Other Drug Considerations
- Doxorubicin: Discontinue if cardiac failure develops. Max lifetime cumulative dose is 450mg/m2 (or 400mg/m2 with prior mediastinal/pericardial radiotherapy).
- Rituximab: Monitor for infusion-related reactions (cytokine release syndrome, hypersensitivity). Assess for cold/flu-like symptoms before treatment (hepatotoxicity risk). Monitor for PML.
Regimen Cycle
- 21-day cycles for up to 6 cycles.
- Cycle 1:
- Day 1: Rituximab 375mg/m2 IV, Prednisolone 100mg oral (Days 1-5)
- Day 2: Polatuzumab vedotin 1.8mg/kg IV, Cyclophosphamide 750mg/m2 IV, Doxorubicin 50mg/m2 IV
- Cycles 2-6:
- Day 1: Rituximab 375mg/m2 IV, Polatuzumab vedotin 1.8mg/kg IV, Cyclophosphamide 750mg/m2 IV, Doxorubicin 50mg/m2 IV, Prednisolone 100mg oral (Days 1-5)
- Cyclophosphamide, Doxorubicin, and Polatuzumab vedotin will be dose banded.
- Rituximab will be dose rounded to the nearest 100mg.
- Extravasation Risk:
- Cyclophosphamide: Neutral
- Doxorubicin: Vesicant
- Polatuzumab vedotin: Neutral
- Rituximab: Neutral
- Prednisolone: Take in the morning with or after food.
- First polatuzumab vedotin infusion over 90 minutes, monitor for 90 minutes. Subsequent infusions may be given over 30 minutes if tolerated, followed by 30-minute monitoring.
- Polatuzumab vedotin: Administer via sterile, non-pyrogenic, low protein binding 0.2µ or 0.22µ filter.
- Rituximab: Refer to administration guidelines.
Additional Therapy
- Antiemetics: Ondansetron 8mg IV/PO 15-30 minutes pre-chemo. Metoclopramide 10mg PO PRN, Ondansetron 8mg PO BID x3 days (take home).
- Rituximab/Polatuzumab vedotin Pre-medication: Chlorphenamine 10mg IV & Paracetamol 1000mg PO 30 minutes prior. Prednisolone 100mg PO on morning of treatment and for 4 days after.
- Infusion Reactions: Hydrocortisone 100mg IV PRN (Rituximab), Salbutamol 2.5mg nebule PRN (bronchospasm), Pethidine 25-50mg IV PRN (rigors).

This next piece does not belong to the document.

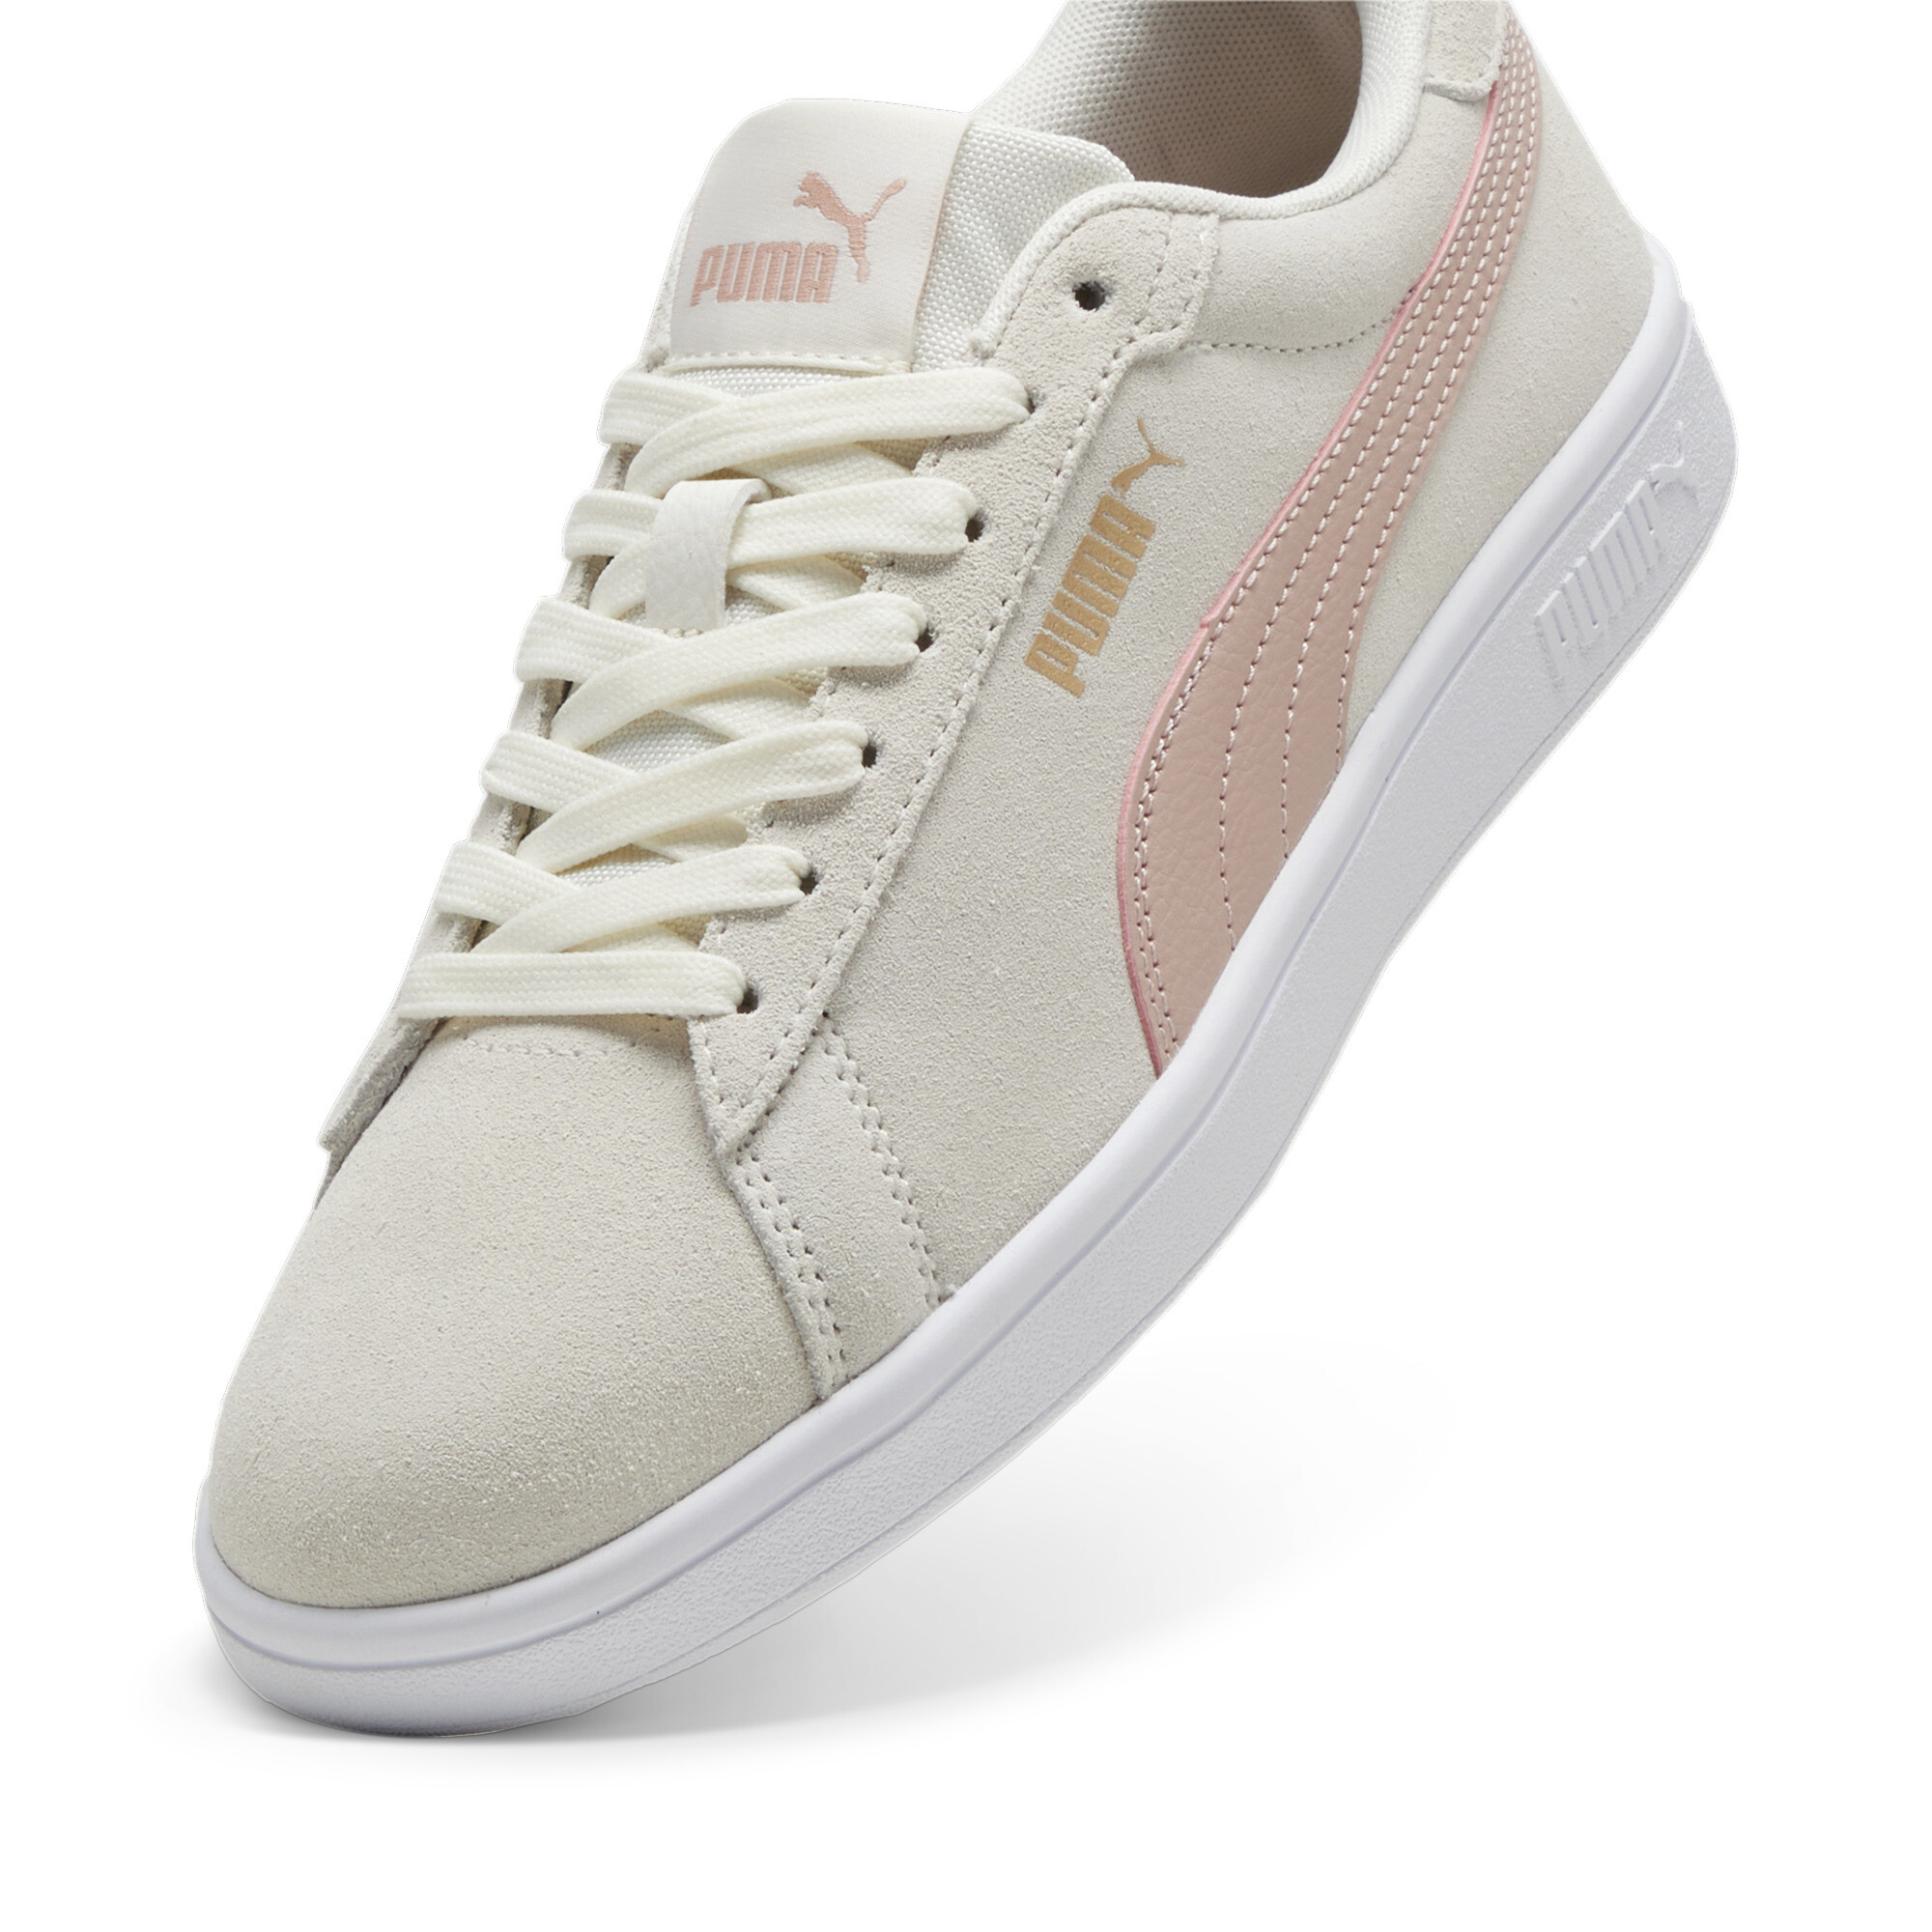 Puma Smash 3.0 Sneakers, White, Size 40.5, Shoes
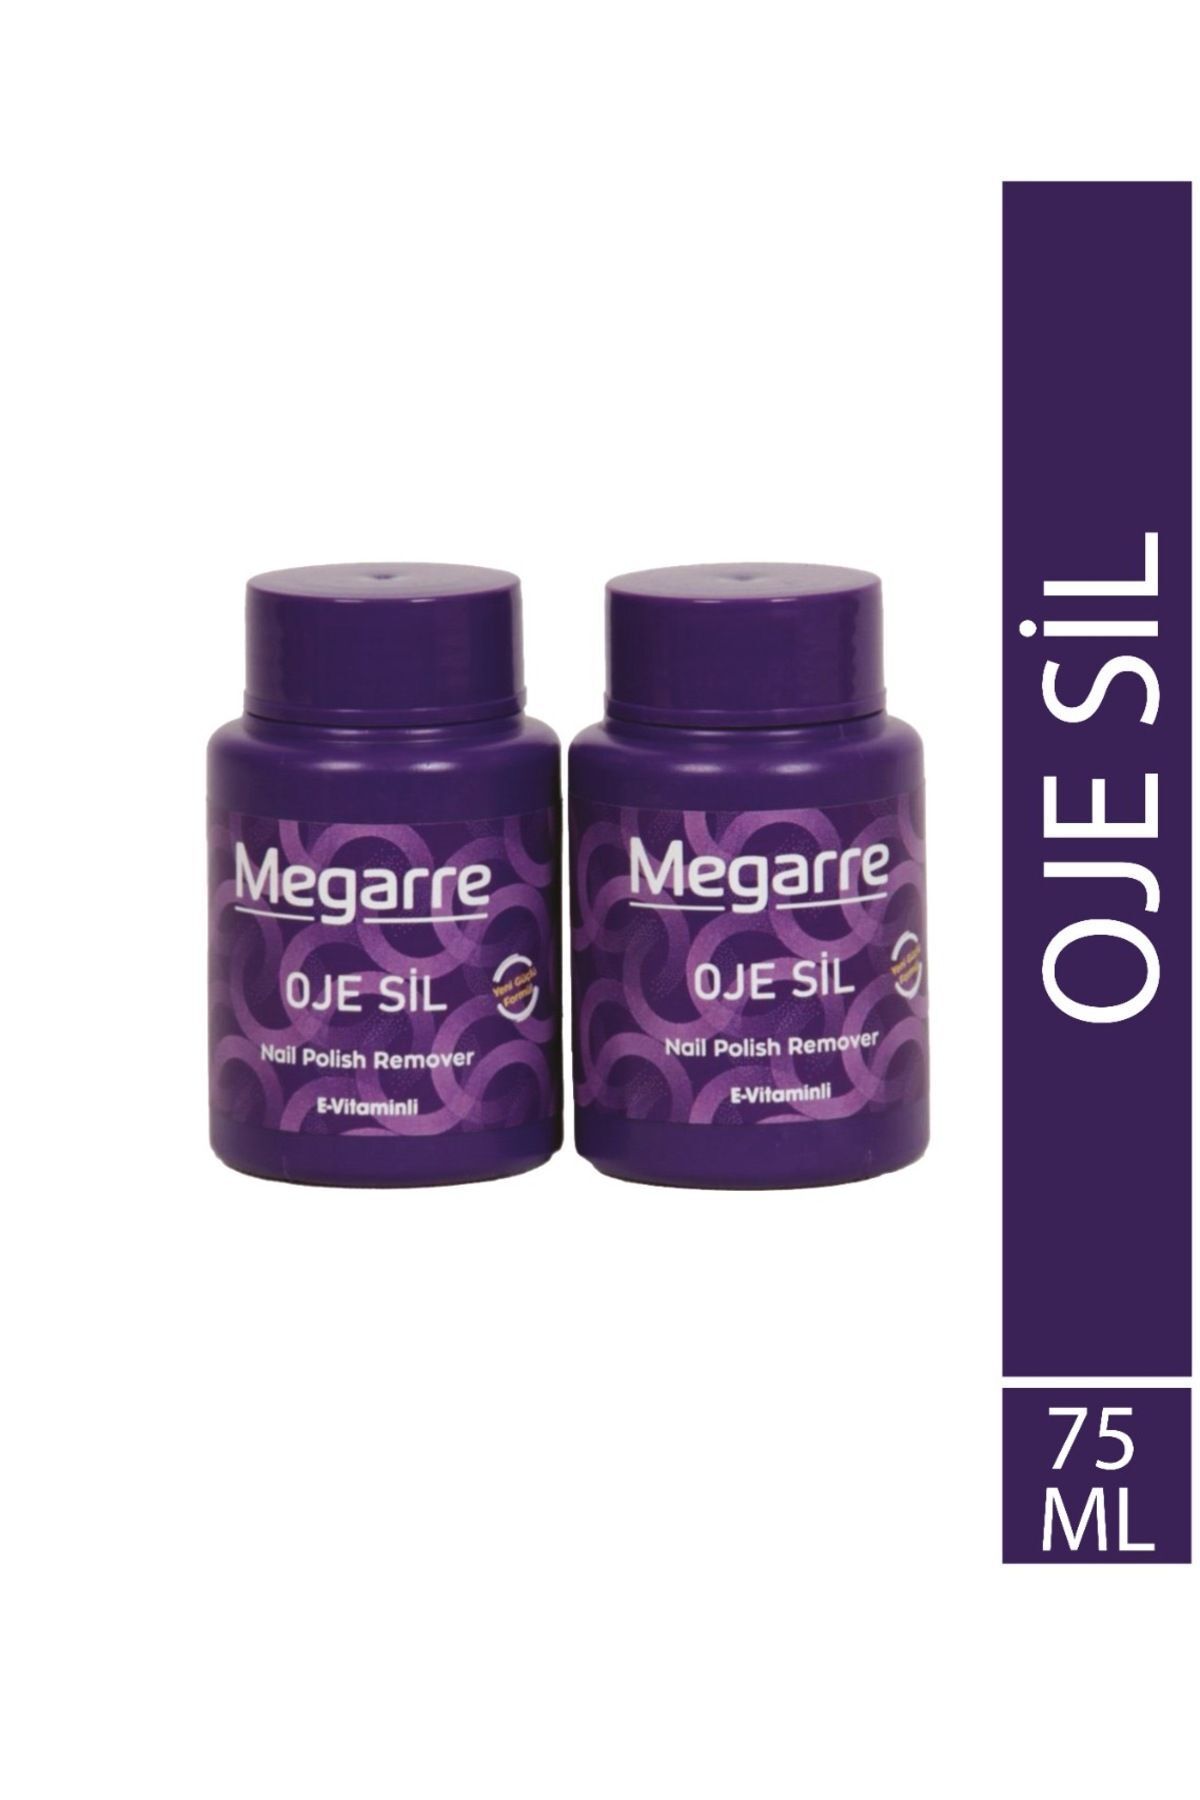 MEGARRE Oje Sil E-Vitaminli 2'li avantajlı fiyat

- Growth Factors: Filgrastim/Lenograstim/Pegfilgrastim (per formulary) from Day 6 for 7 days (or Pegfilgrastim on Day 2).
- Allopurinol: 300mg PO daily x7 days (1st cycle only).
- Anti-infective Prophylaxis: Aciclovir 400mg PO BID, Co-trimoxazole 960mg PO MWF.
- Mouthwashes: As per policy for mucositis.
- Gastric Protection: PPI or H2 antagonist (high risk patients).